なにが両者を繋いだのだろうと考えるに、まあタイトルのとおりなんですけど、『仮面の告白』にもヤマシタ先生の多くのBL作品にも、「ままならぬもの」があると思うのです。
というか、私の好きなヤマシタ先生のBL群には「ままならぬもの」を感じる、と表現する方が適切でしょうか。
たとえば『ジュテーム、カフェ・ノワール』収録の『cu,clau,come』。同性愛者の男が手料理を作り、異性愛者の友人とともに二人でひたすら食いながら会話をするだけのお話。男はその友人が好きだった。友人もその気持ちに気づいてた。でも、二人ともそれを表に出さぬまま、おいしい食事に舌鼓を打っていた。そんな、見ないふり気づかないふりの楽しい日々が唐突に終わりを告げるお話。楽しい日々が終わったときの、男の別れの言葉と恨み節からは、友人のことを好きだったけどそれを言わないでいることが、この楽しい日々を続ける唯一無二の暗黙の了解であったことがよくわかります。
たとえば『イルミナシオン』収録の『ラブとかいうらしい』。冬の日の昼間、二人の少年がベランダで身体を寄せ合いながら会話をするだけの話。友達グループ内で付き合い始め、そして別れたことを、異性愛者の友人にした同性愛者の少年。自分が付き合っていた間に思ったこと・感じたことを訥々と語り、それに友人が応える。実は少年が本当に好きなのはその友人なのだけど、それを会話の端々ににじませるのだけど、肝心の友人はそれに気づかないまま。とても大事なものがベランダに座る二人の間を通り抜け、そして過ぎ去って行ってしまうような、そんなお話。
たとえば『恋の話がしたい』収録の『Re:hello』。少女が日々家に通う叔父は、少女の初恋の相手にして同性愛者。そして、何年も前に別れた恋人をいまだに吹っ切ることができず、その人に送ろうとして送れなかったメールが何通も残っている型遅れの携帯を後生大事に持っている。偶然そのメールを読んでしまった少女は、今まで見たことのない、後悔と諦念と慚愧に溢れた人の感情のありように胸を衝かれるのでした。
これらの作品に見られる、どうにかしたいけれどどうしようもなく思えるもの。それが「ままならぬもの」です。ヤマシタ先生はそういうものの描き方が抜群に上手い。
どこに上手さを感じるのかと言えば、きっとそれは、「ままならぬもの」を抱える登場人物が、状況はままならないことを知っているのにそれでもどうにかならないかともがく様を、あるいはそのもがきを感じさせるようなシチュエーションを描くところ。『Re:hello』は前者だし、『cu,clau,come』や『ラブとかいうらしい』は後者です。

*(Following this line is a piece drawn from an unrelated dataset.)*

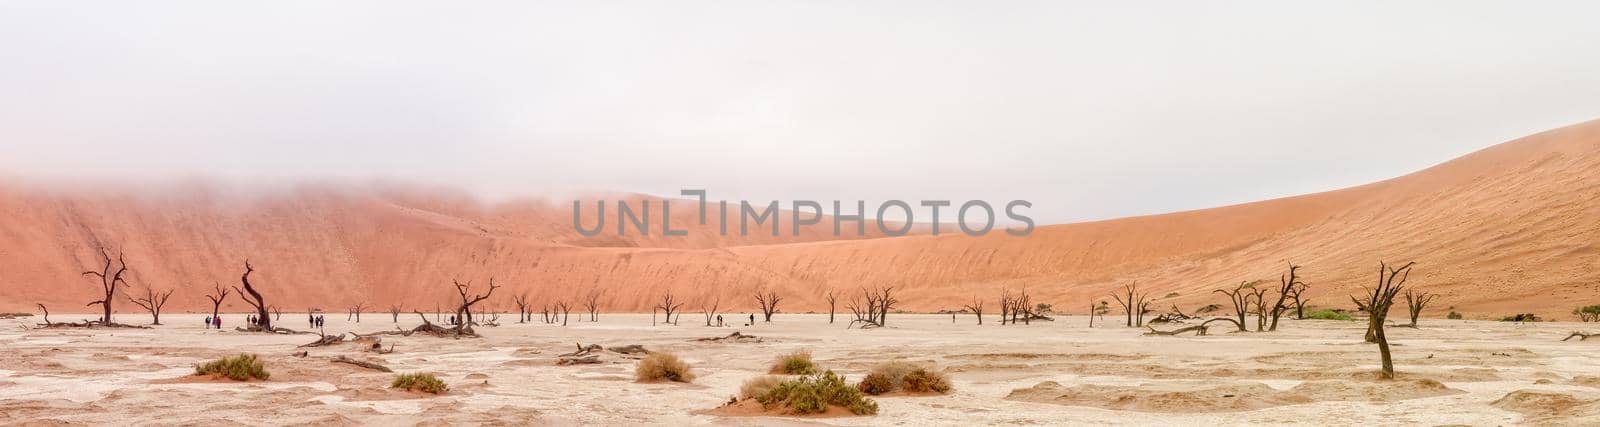 Panorama of Deadvlei near Sossusvlei in Namibia by dpreezg

好きだけどどうしようもない。どうしようもないけどやっぱり好きだ。でもやっぱりどうしようもなくて……という堂々巡りには、感情の動的なあり方が見られるし、その動性にこそ、人間の感情の面白さがあるのだな、と。
さらにいえば、この「ままならぬもの」は、必ずしもバッドエンドに終わるものではありません。ままならないと思っていたにもかかわらず思いが成就する、というパターンもヤマシタ先生の作品にはあり、そのような作品は多くの場合、成就した後にも感情があっち行ったりこっち行ったり、端的に言えば「幸せすぎて怖い」というような感情のせいで心がひとところに落ち着くことをしないのです。『恋の話がしたい』収録の『恋の話がしたい』、『薔薇の瞳は爆弾』収録の『嗚呼ボーイフレンド』なんかがそれですか。
それが叶うのであれ叶わないのであれ、感情が常に揺れ動き続けている感じが、収まるべきところにすぽっと収まる予定調和にはない人の感情の生々しさを見せてくれると思うのですよ。